Blockquote “one of the variables needed for gradient computation has been modified by an inplace operation: [torch.FloatTensor [5, 9]], which is output 0 of TBackward, is at version 9; expected version 8 instead. Hint: enable anomaly detection to find the operation that failed to compute its gradient, with torch.autograd.set_detect_anomaly(True).”

I also tried to add the hint but it actually did not work and I am being confused now. My competencies are still not enough to understand thoroughly the new situation here. Hopefully I can receive some advices from your sides, many thanks!

import torch.optim as optim
model=AutoEncoder1D(n_bus=3, latent_dim=5)
criterion = nn.MSELoss()
n_epochs=100
epsilon=1e-4
optimizer=optim.Adam(model.parameters(), lr=1e-3 ) 
err_all=[]

for i, (X_corr, X_gr) in enumerate(zip(X_corrupted, X_groundtr)):

    missing_idx = np.where(X_corr==0)[1]

    err_sample=[]  

    for j in range(n_epochs):

        # loss calculation and saving

        X_pred = model(X_corr)

        loss_epoch = criterion(X_pred, X_gr)

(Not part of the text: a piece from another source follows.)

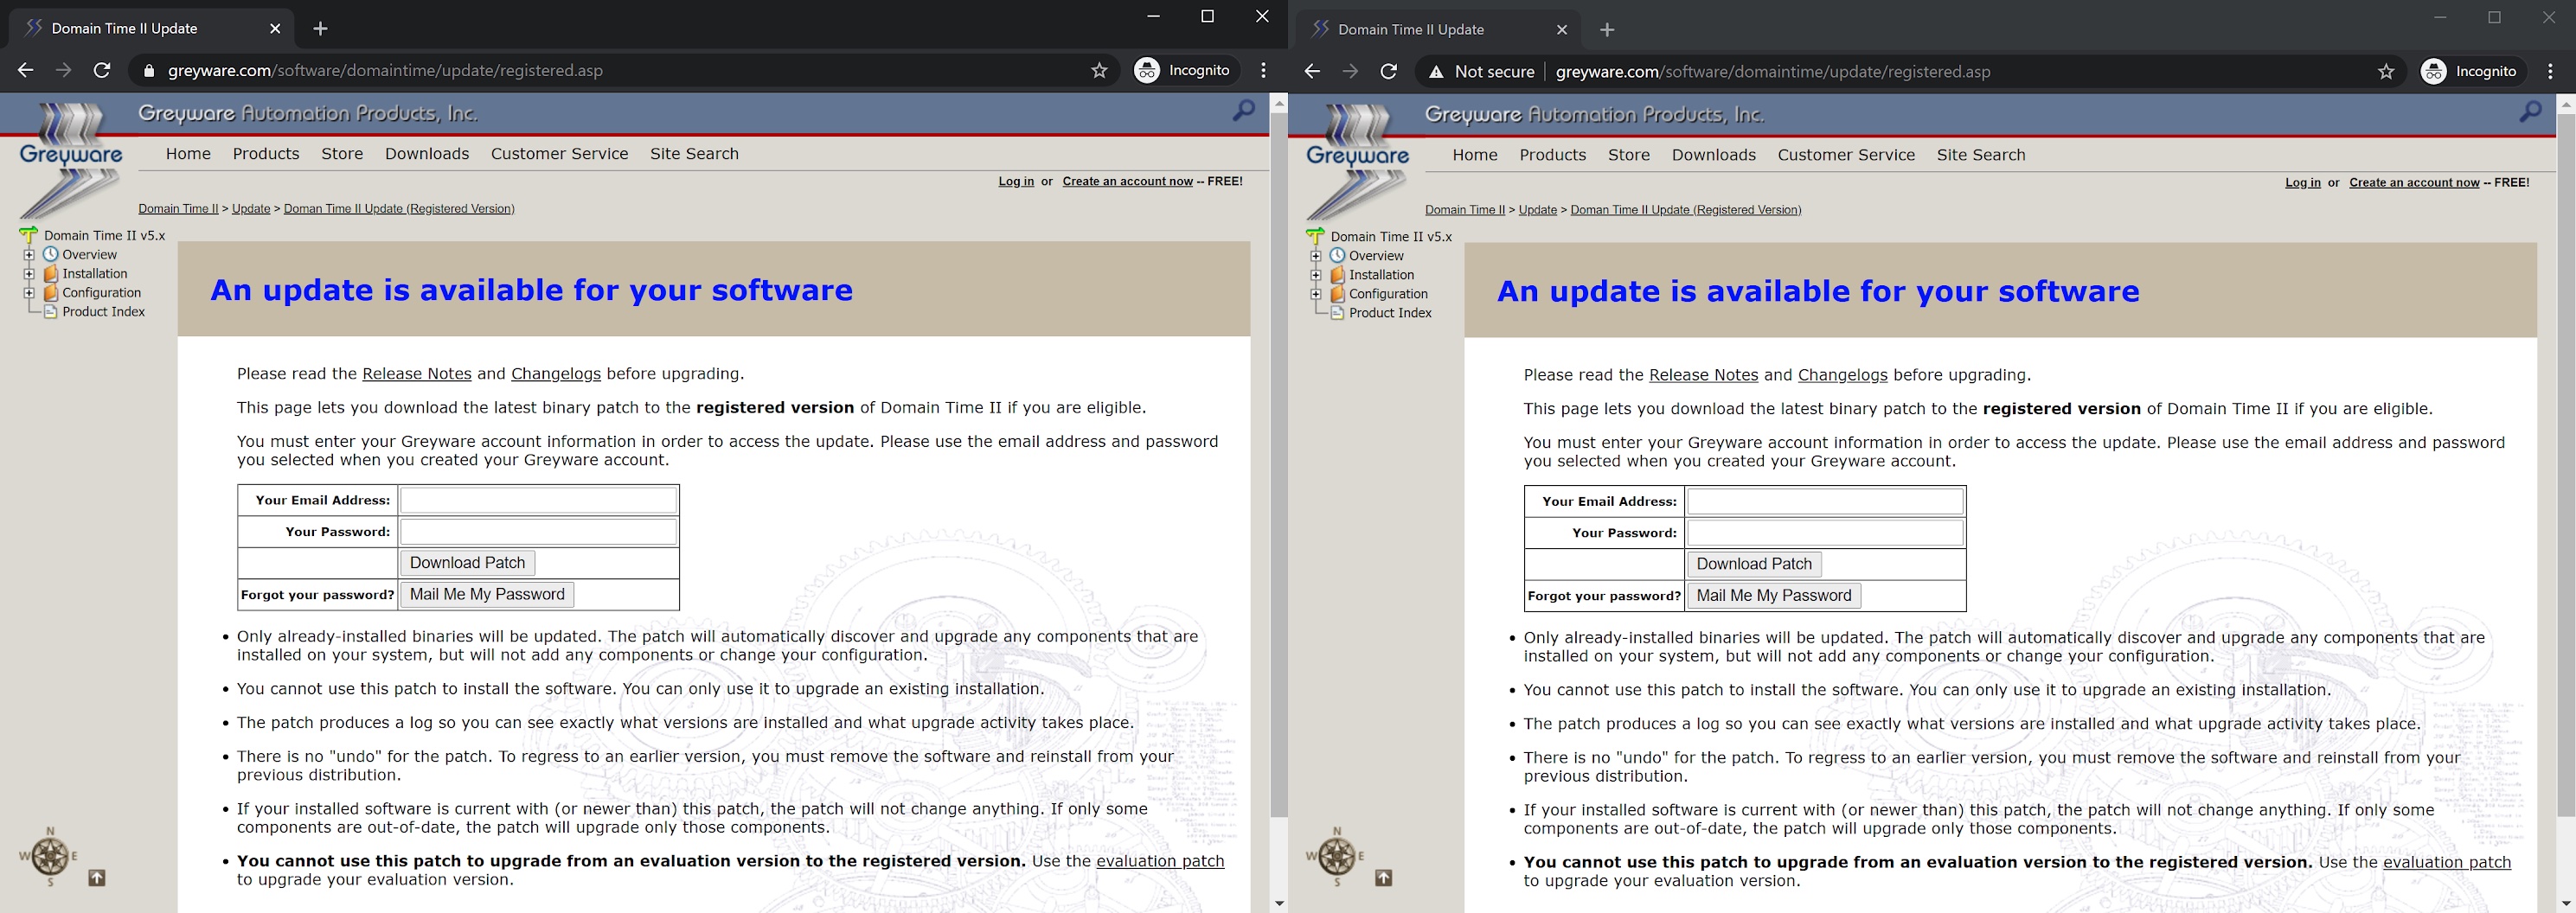 Greyware’s official update website (left) and the demonstration attack website (right)

        err_sample.append(loss_epoch.item())

       

        # back propagation

        #with torch.autograd.set_detect_anomaly(True):

        optimizer.zero_grad()

        loss_epoch.backward()#retain_graph=True)

        optimizer.step()

       

        # updating the predicted values for missing positions

        X_corr[0][missing_idx] = X_pred[0][missing_idx]

       

        # tracking the training error

        if j % 20 == 0:

            print("MSE Training Error at {}_th epoch of {}_th sample: {}"

                  .format(j, i, loss_epoch))

    err_all.append(np.max(err_sample))


I guess you are keeping the computation graph alive via:

X_corr[0][missing_idx] = X_pred[0][missing_idx]

Assuming you want to replace some values in the input without tracking the gradient history you could .detach() the right-hand side and try to assign it to X_corr.

Many thanks sir, it actually helped me a lot!
If there is anything else, it would be my honor to receive your support! I hope you have a good day!

Assuming the error is gone I don’t see anything obvious or are you still hitting the issue?